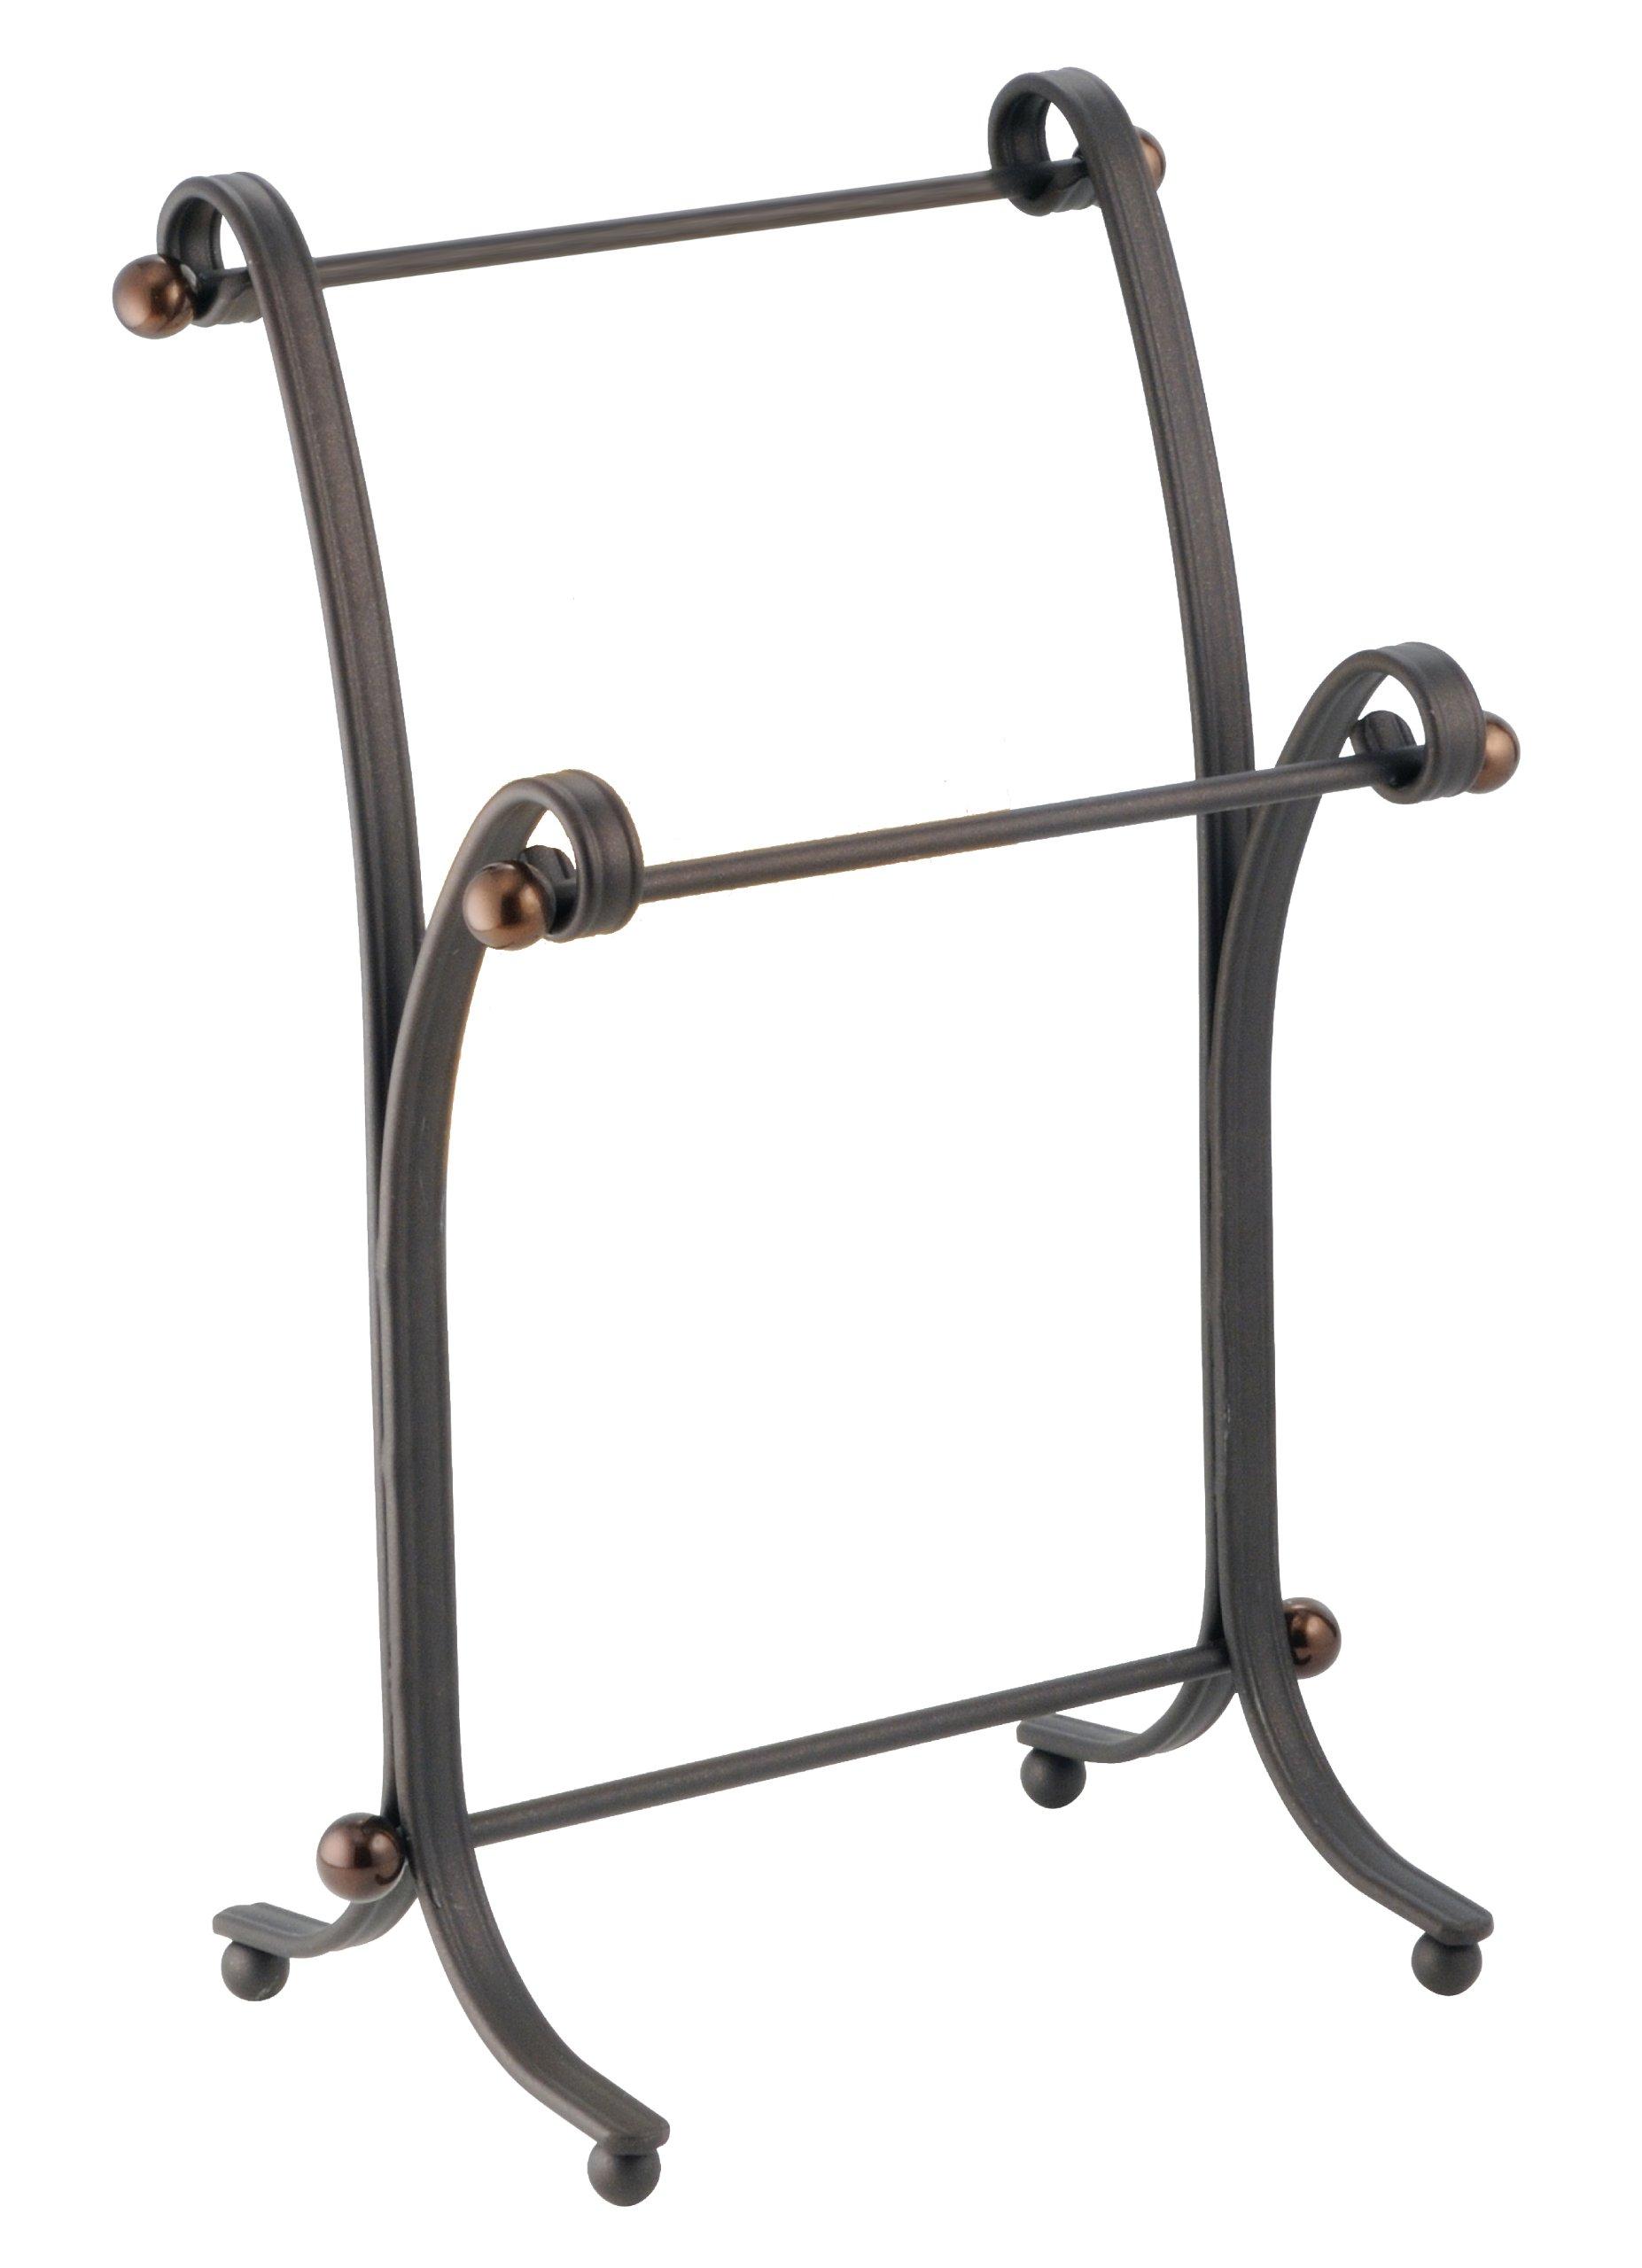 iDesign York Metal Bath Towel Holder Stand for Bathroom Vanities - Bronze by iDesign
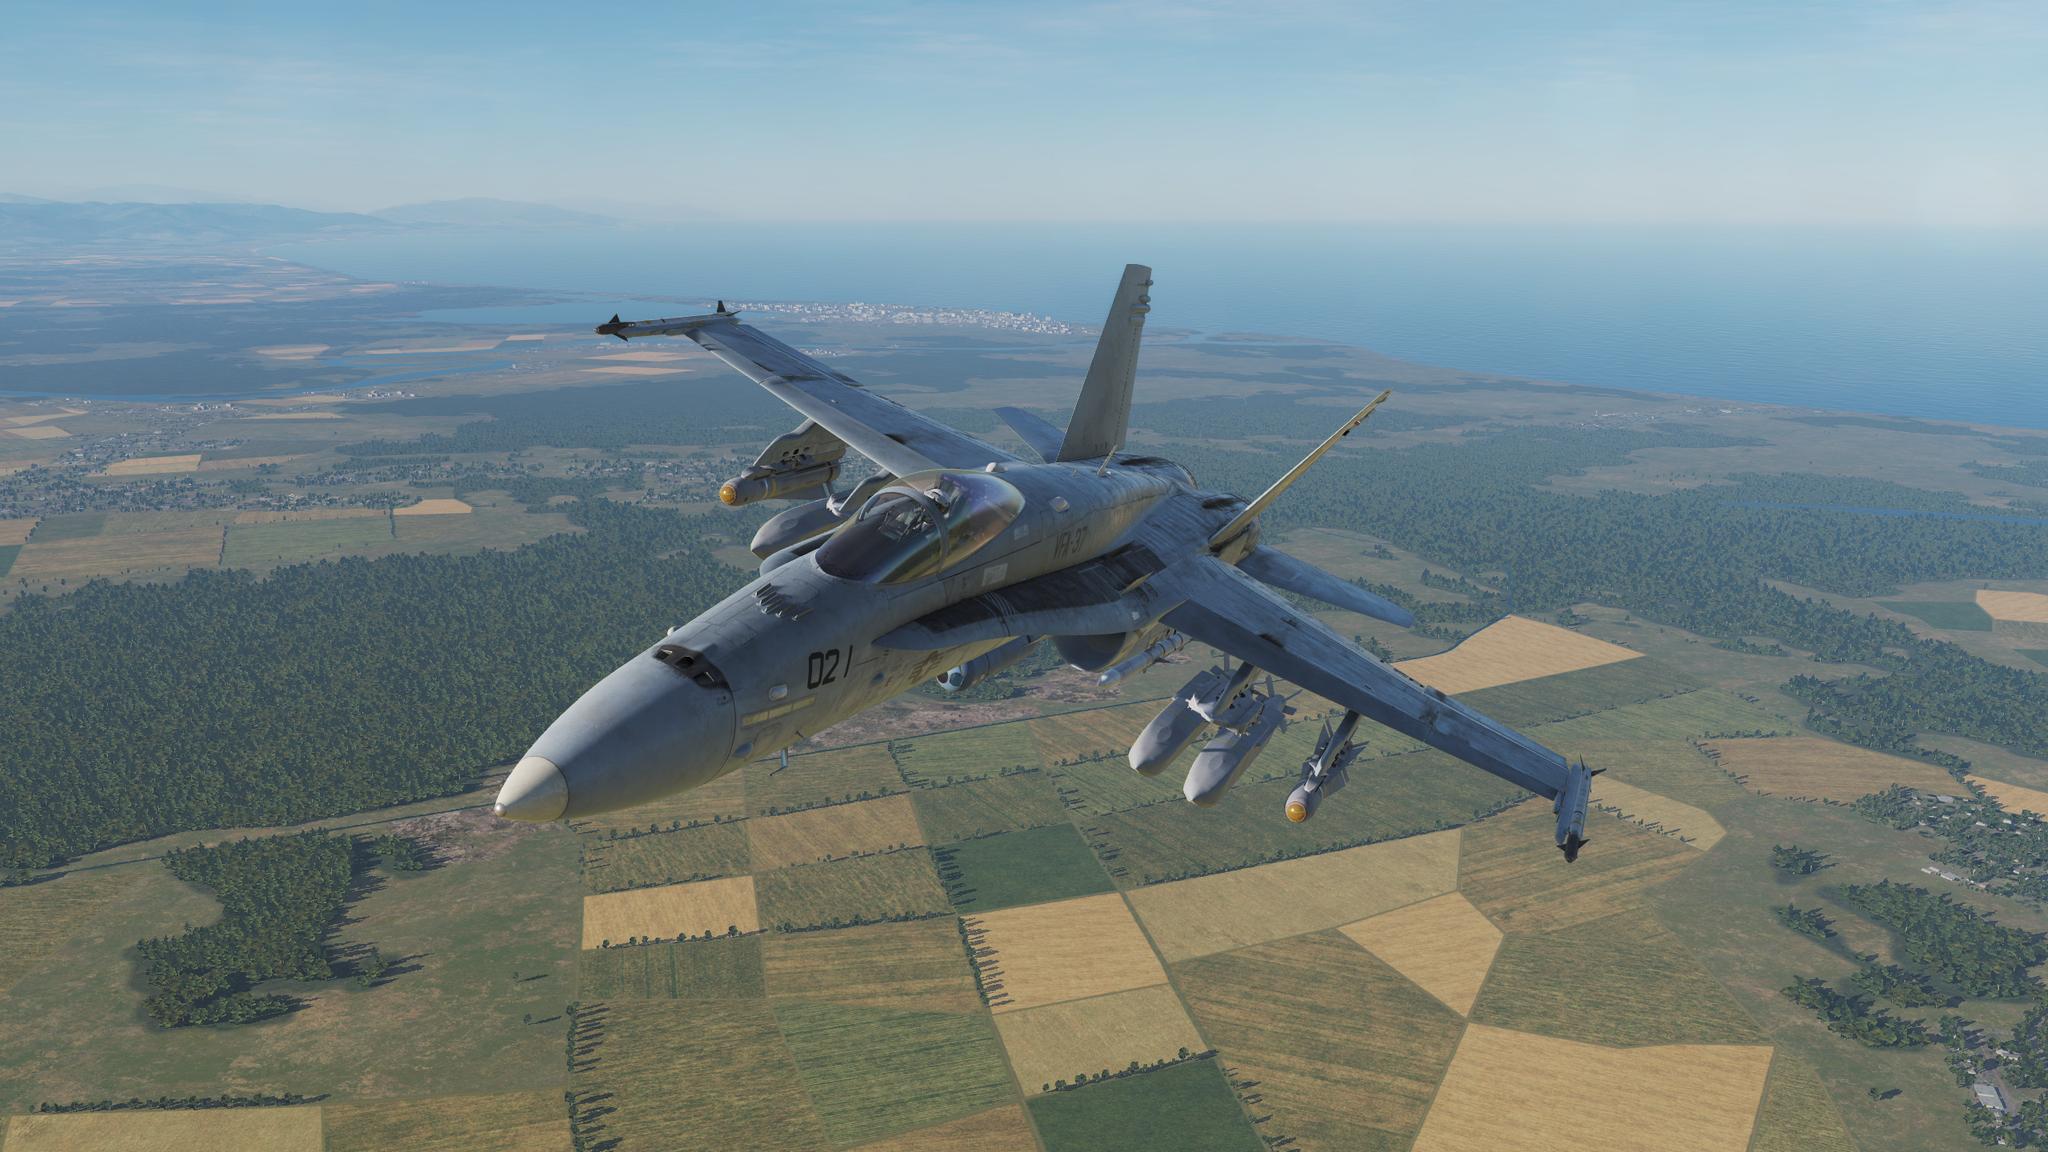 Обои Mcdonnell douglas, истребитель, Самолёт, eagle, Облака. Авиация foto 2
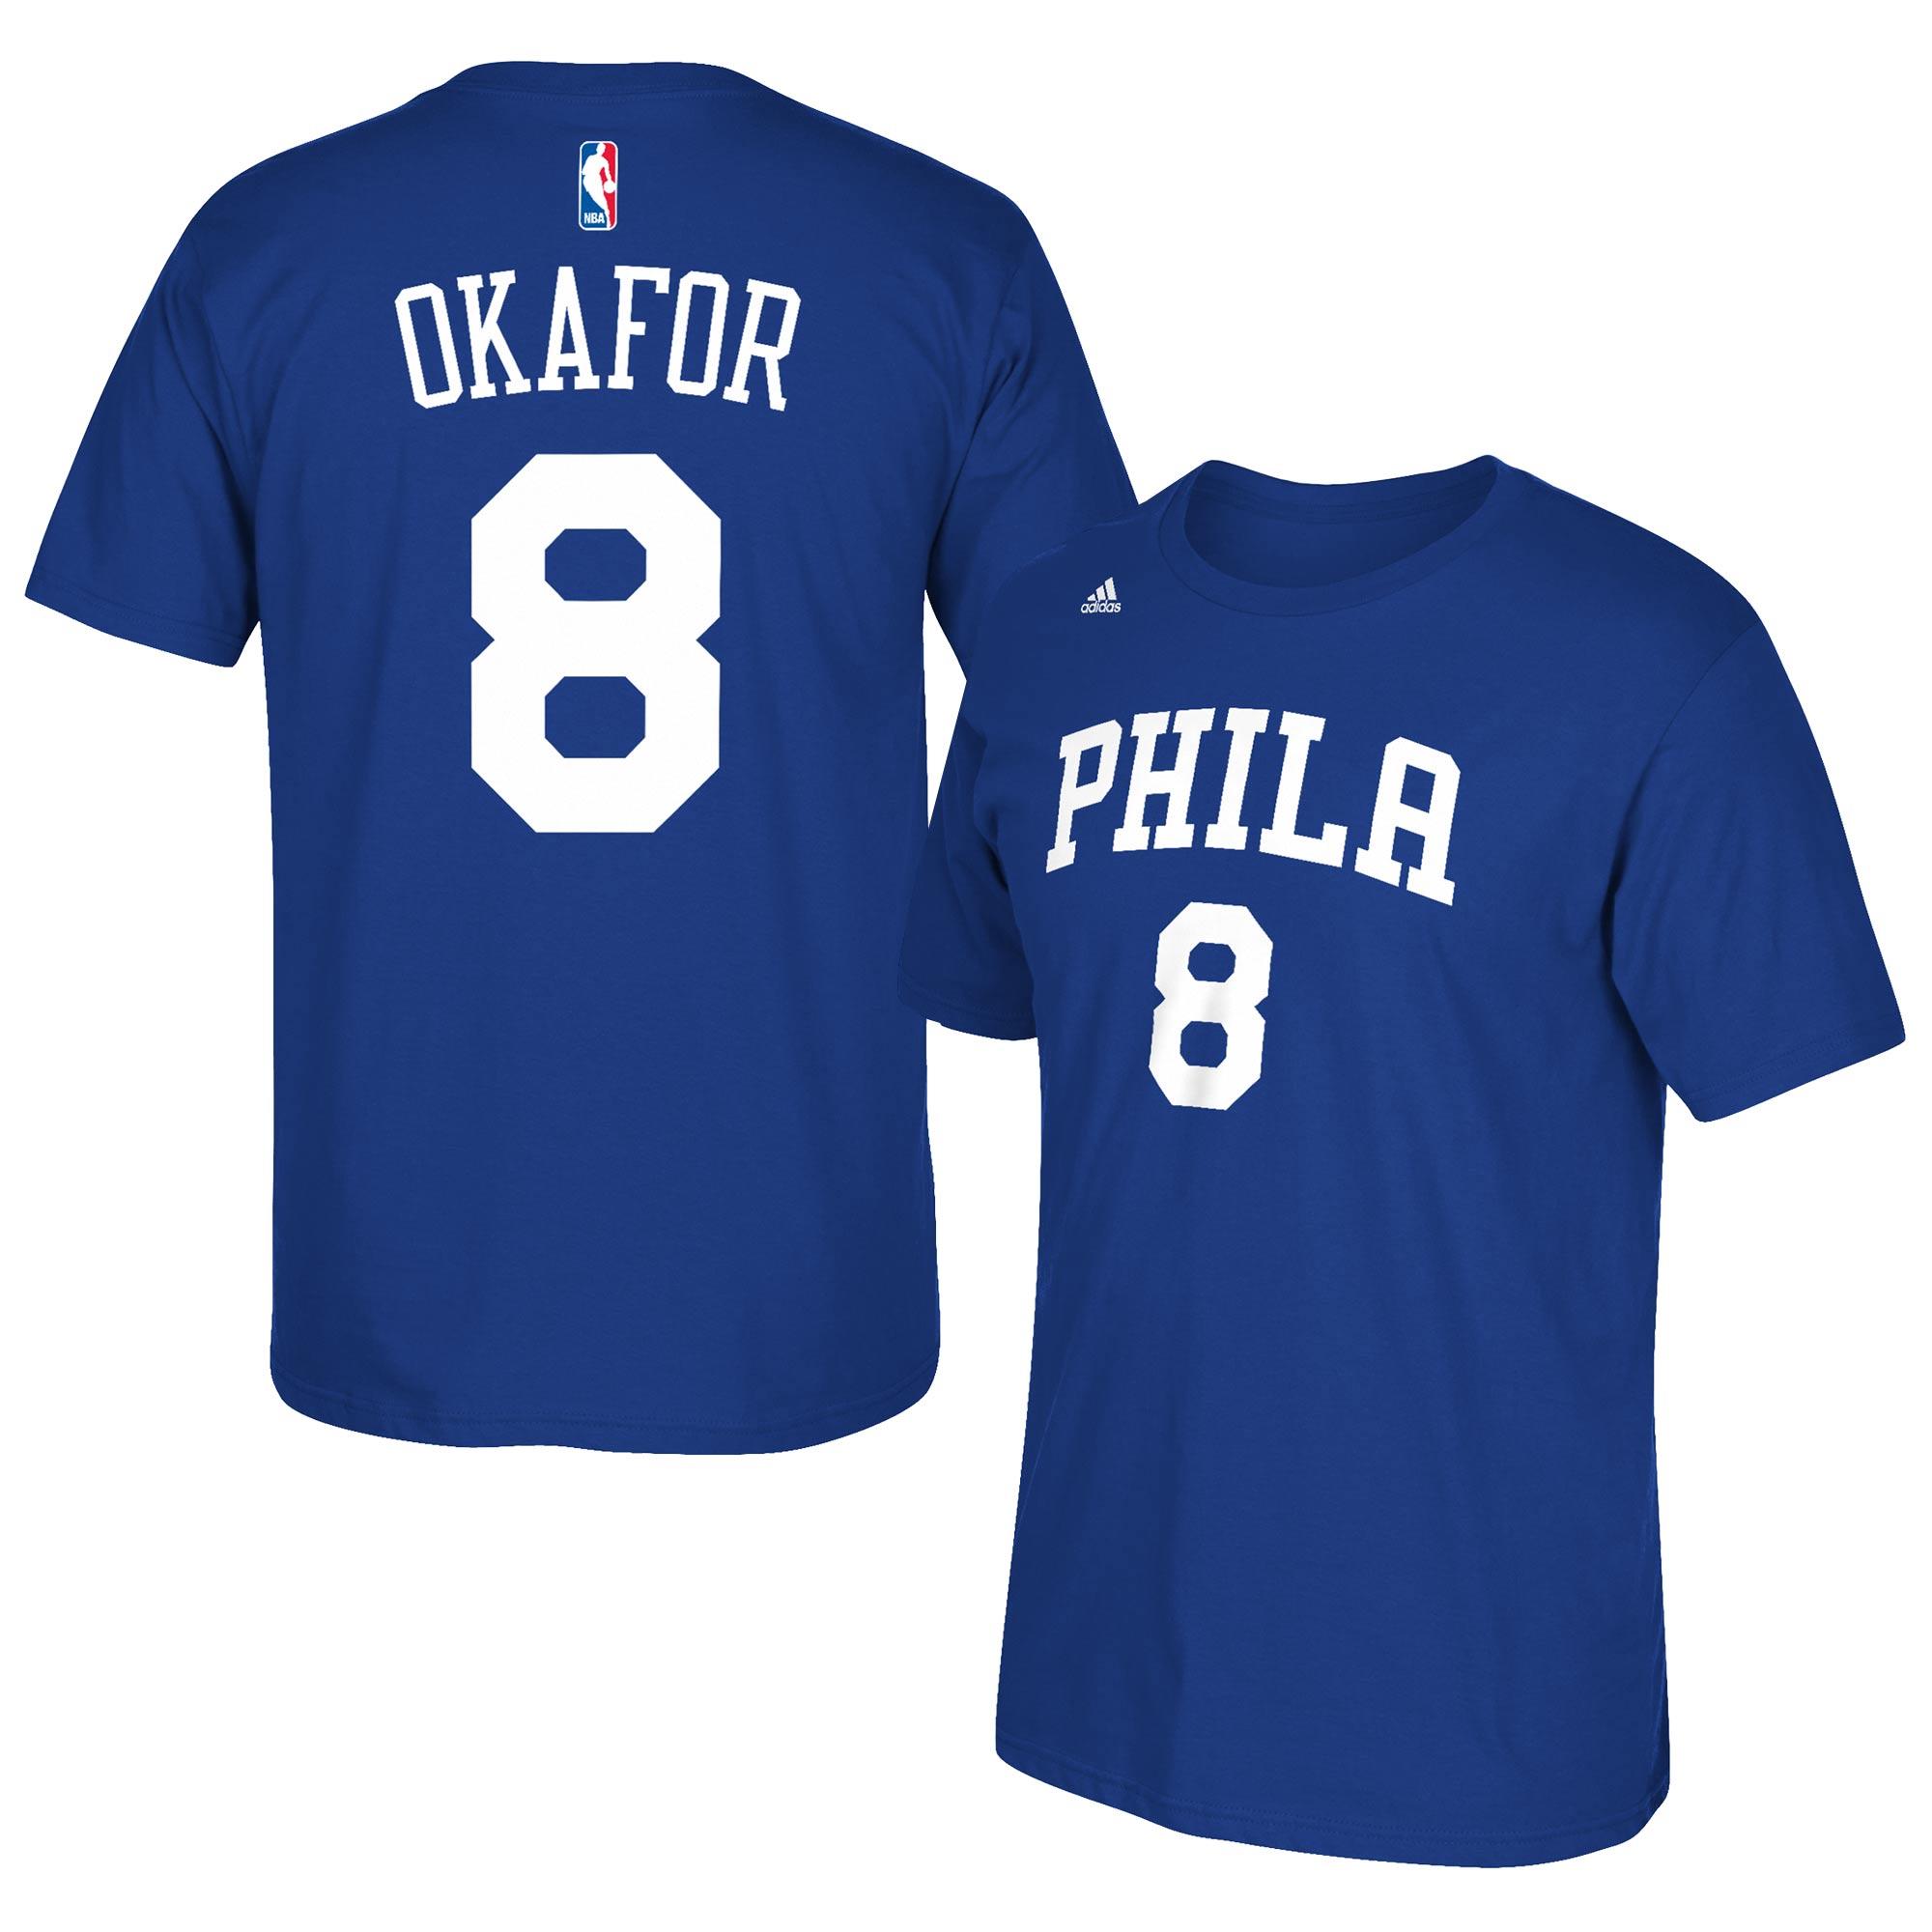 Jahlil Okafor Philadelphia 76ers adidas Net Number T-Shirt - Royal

········

WORK INSTRUCTIONS.
Print all the material above exactly, and drop the images.

PROBLEM SOLUTION.
 iDesign York Metal Bath Towel Holder Stand for Bathroom Vanities - Bronze by iDesign
 Обои Mcdonnell douglas, истребитель, Самолёт, eagle, Облака. Авиация foto 2
 Jahlil Okafor Philadelphia 76ers adidas Net Number T-Shirt - Royal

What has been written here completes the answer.